In the panic of escaping the large group of people, they got themselves off the track down the mountain. Neither Jasper nor Claudia are willing to say they are lost. The complicated, yet necessary dance of survival that is nourished by hope hangs in the air, and each are willing to feed the other hope-cakes all day long in order to make it through.

“We aren’t too far off from the trail, and the most important thing is for us to get down the mountain,” Claudia says, hopeful that she is right.  

They get up in unison from their break and continue marching on towards the path unknown.


“Did you and your family ever see groups of people traveling through the mountains like that before?”

“Not this deep in the mountains, no, never. We saw them a lot closer to the borders, but it must be getting even worse down there if they are moving into the mountains now.”

Step by step, their crunches in the snow are melodic; creating a story of two unlikely souls intertwining their broken hearts into an adventure of survival.

“Papa told me those kinds of people who are hungry for power and enslave others to show their strength are hurting too. They just were not shown enough love. I think they didn’t have Papa’s or Mama’s who showed them good from evil.”

Crunch, crunch continues their story written in the snow by their footprints.

“What about your Papa and Mama? What did they teach you, Jasper?”

“Mine?” He becomes silent as memories of his own mother and father flood his mind. His beautiful mom, twirling him around in the grass when he was a young boy. He loved her red and blue flowered dress that would blow around as they twirled. She wore bright red lipstick and her hair fell perfectly around her face. Her kind eyes are what haunts him the most. Knowing that that kindness will never walk this earth again eats at his heart and anger flares up in his chest.

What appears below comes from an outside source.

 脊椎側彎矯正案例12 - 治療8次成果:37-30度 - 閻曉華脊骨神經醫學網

To distract his anger, he thinks of his pensive, intelligent father. He remembers touching the rims of his glasses as his father would hold him in his lap on the chair at night, smoking his pipe and reading to Jasper and his mother. His eyes held knowledge that Jasper craves.

Jasper comes out of his thoughts when he hears Claudia clear her throat. She is waiting for his reply.

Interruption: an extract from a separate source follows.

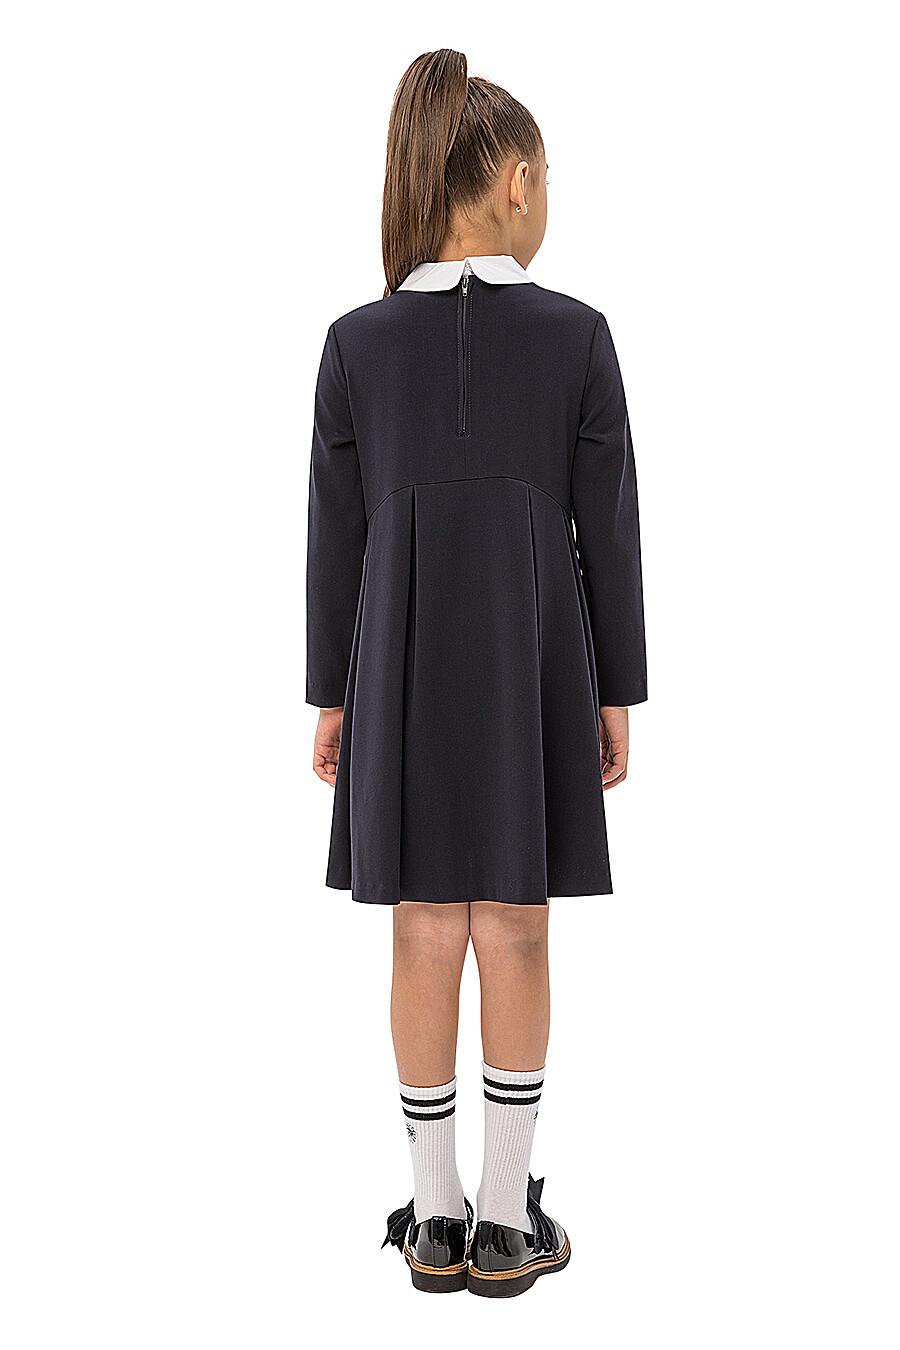 Платье КАРАМЕЛЛИ (683161), купить в Moyo.moda

“I lost my parents far too young, like you, but they gave me the gift of yearning to learn and find solutions, as well as the gift of hope.”

Although when I lost them, my hope was squelched, but she doesn’t need to know that.

“‘Hope', Papa always said, ‘is what keeps us moving, Claudia,’” she says with a forced grin.

They continue on, each knowing that if they do not eat soon, then they will slow down and become weak.

The sun creeps up into the sky and knowing that those people could possibly be hunting their tracks sits heavy in Jasper’s gut.

If only it would snow, then maybe our tracks would soon be lost.